- _RECORDED INFORMATION_:
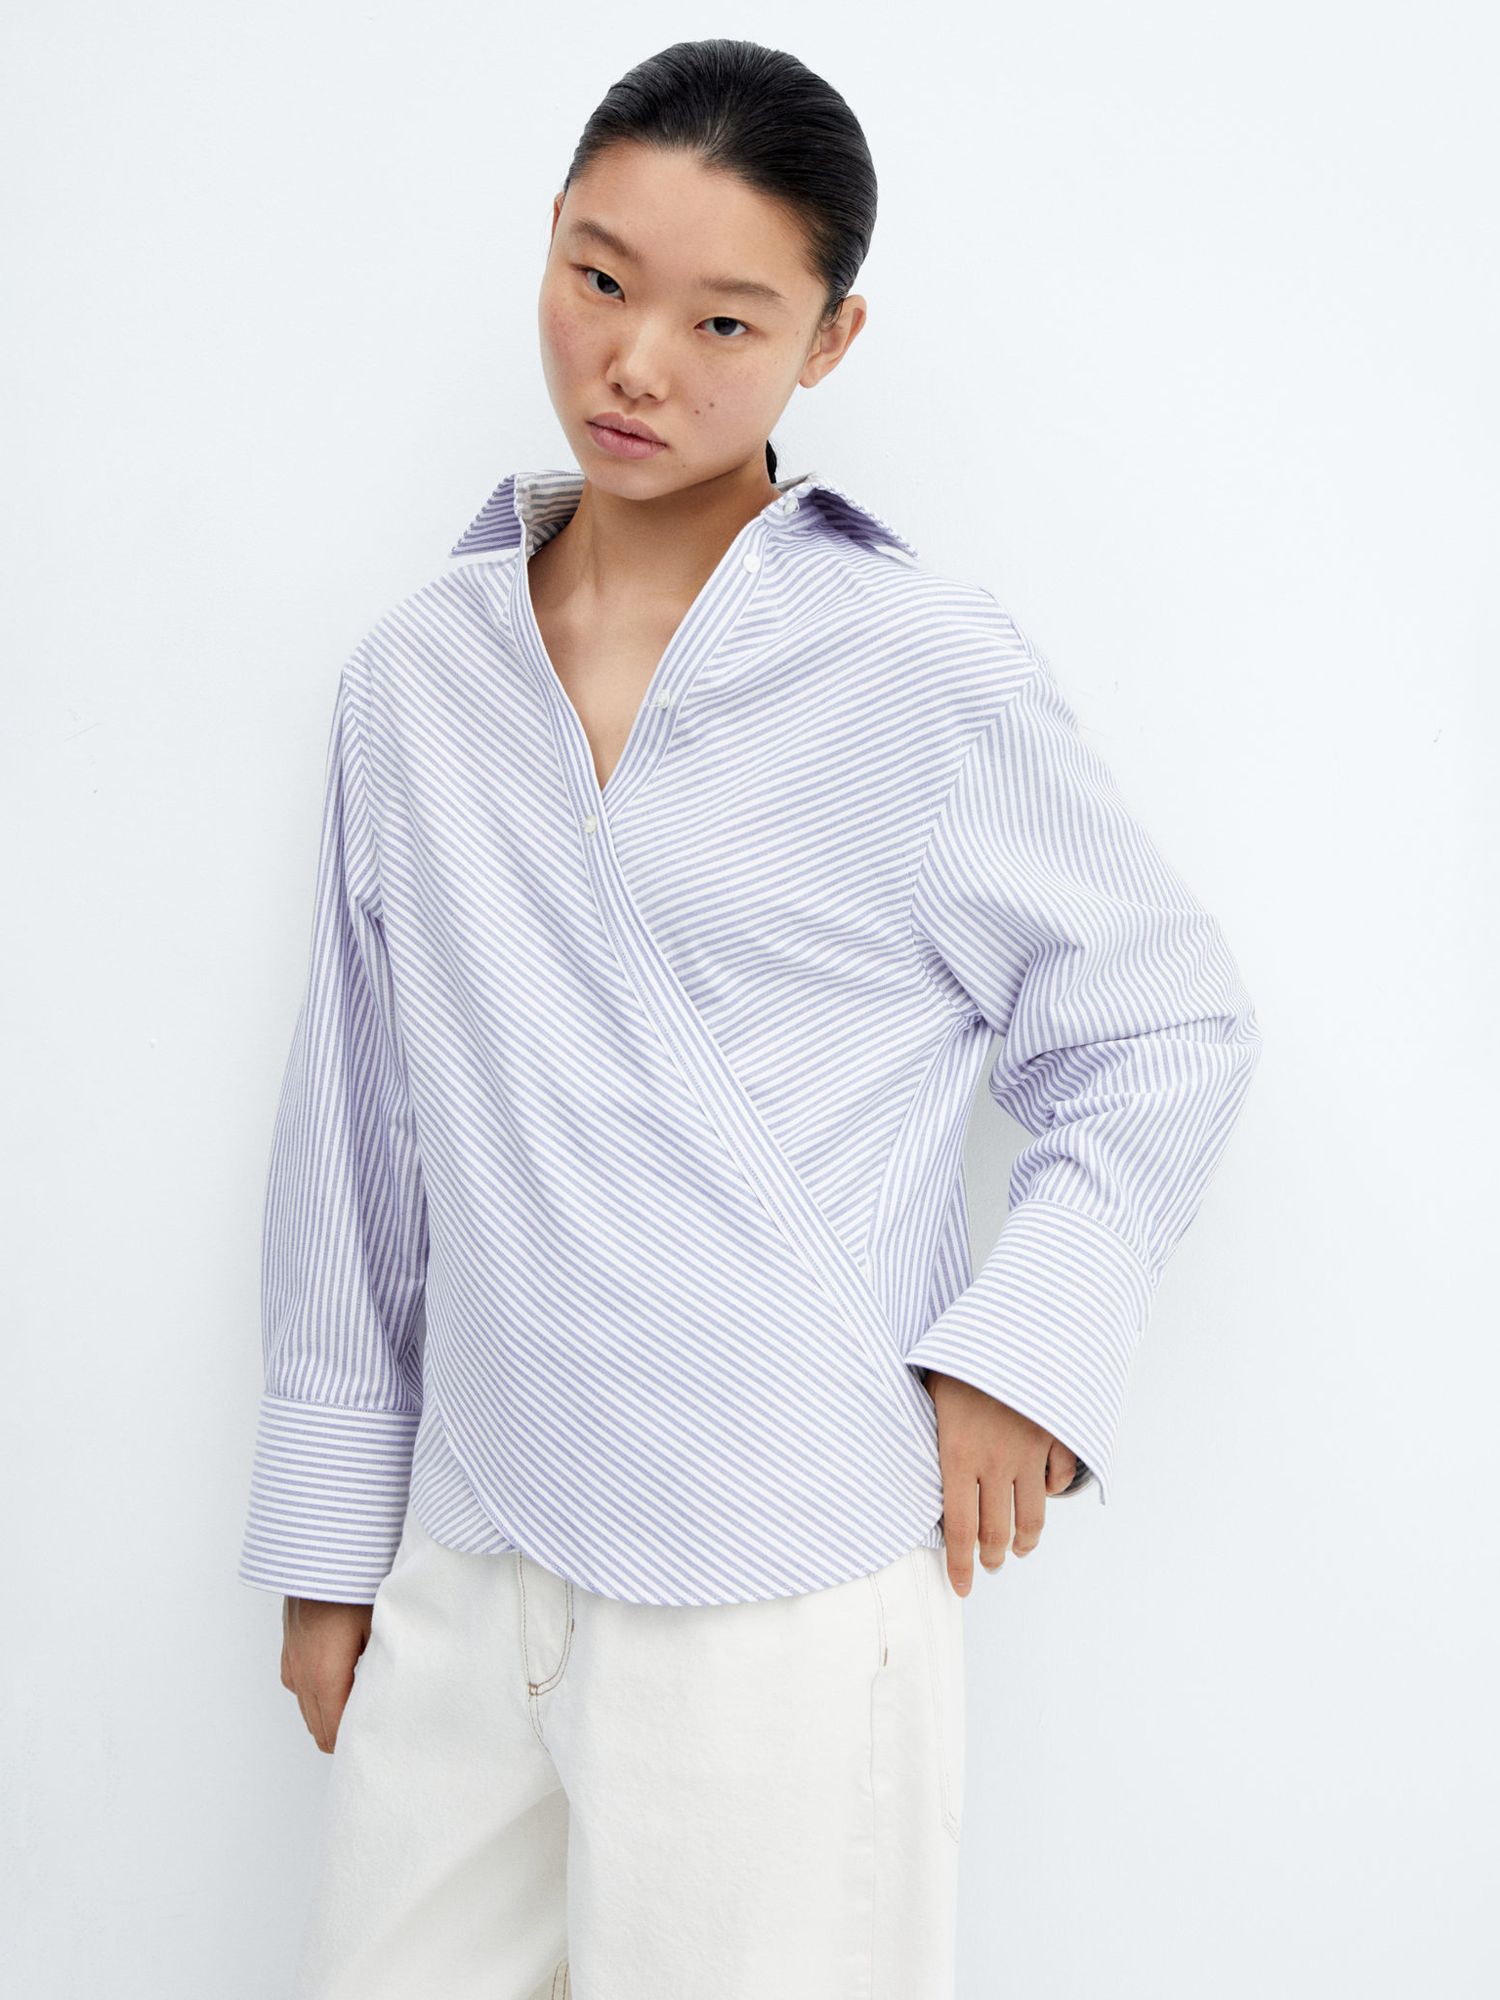 Mango Urban Stripe Long Sleeve Shirt, Medium Blue/White at John
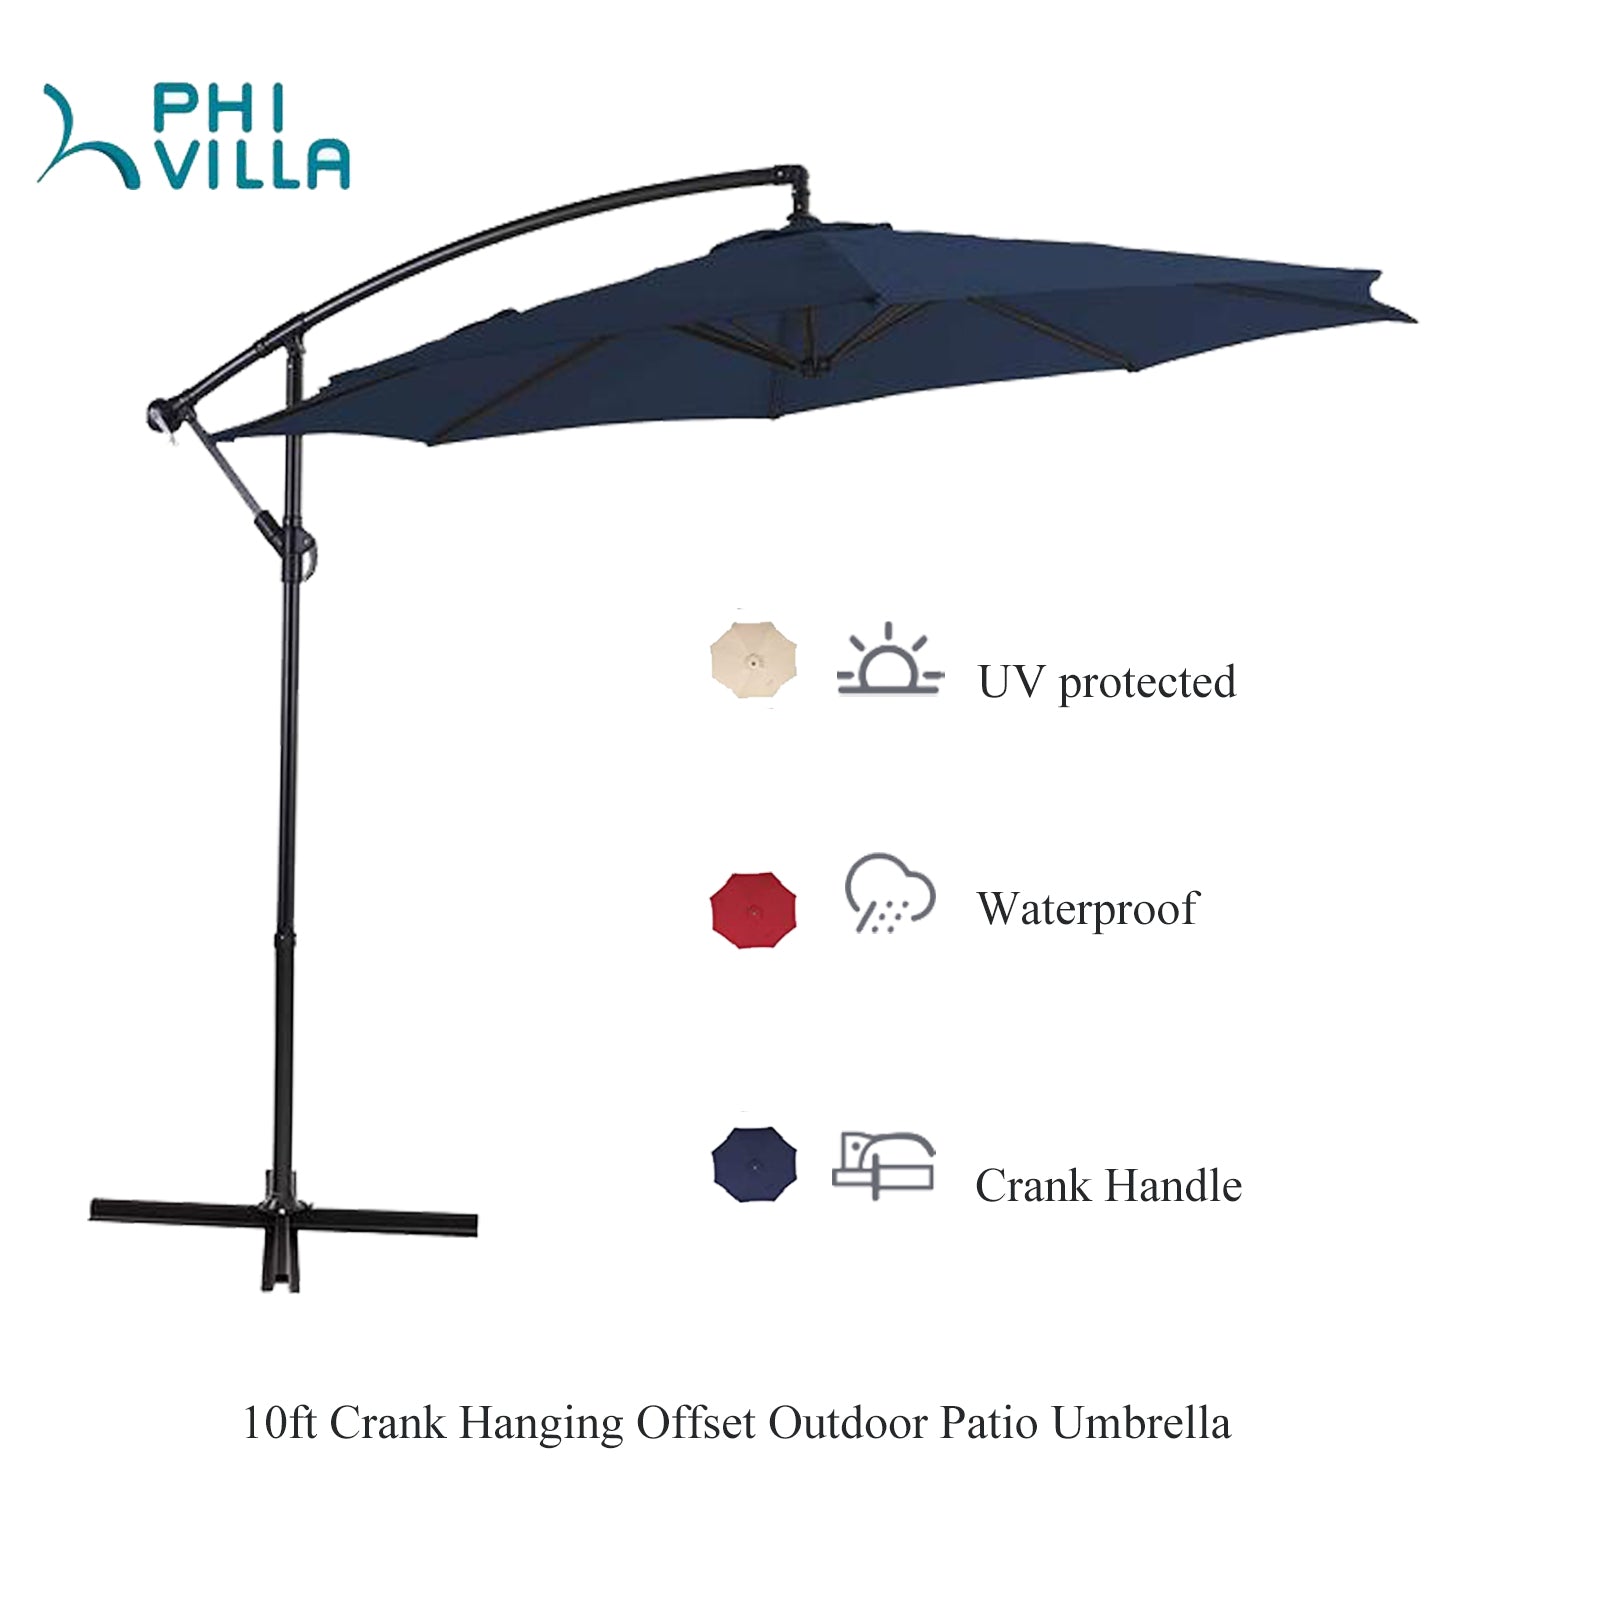 Sophia & William 10ft Crank Hanging Offset Outdoor Patio Umbrella
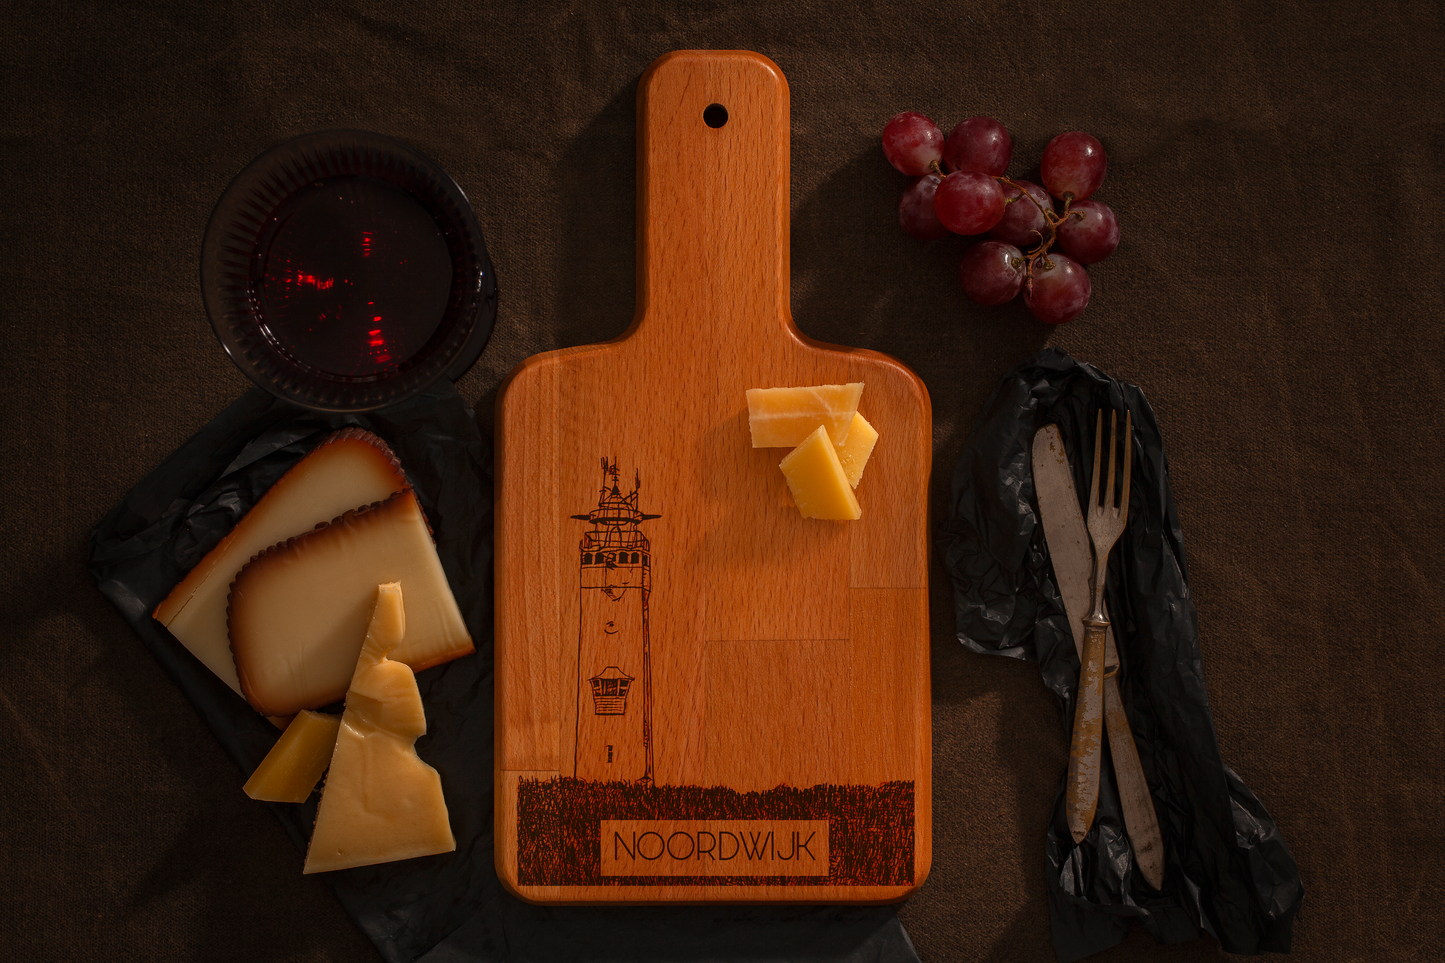 Noordwijk, Vuurtoren, cheese board, with cheese

- _ABOUT THIS EXERCISE_: Leave the images out and give the rest of the data again exactly.

- _RESPONSE TO THE TASK_:
 Mango Urban Stripe Long Sleeve Shirt, Medium Blue/White at John
 Sophia & William 10ft Crank Hanging Offset Outdoor Patio Umbrella
 Noordwijk, Vuurtoren, cheese board, with cheese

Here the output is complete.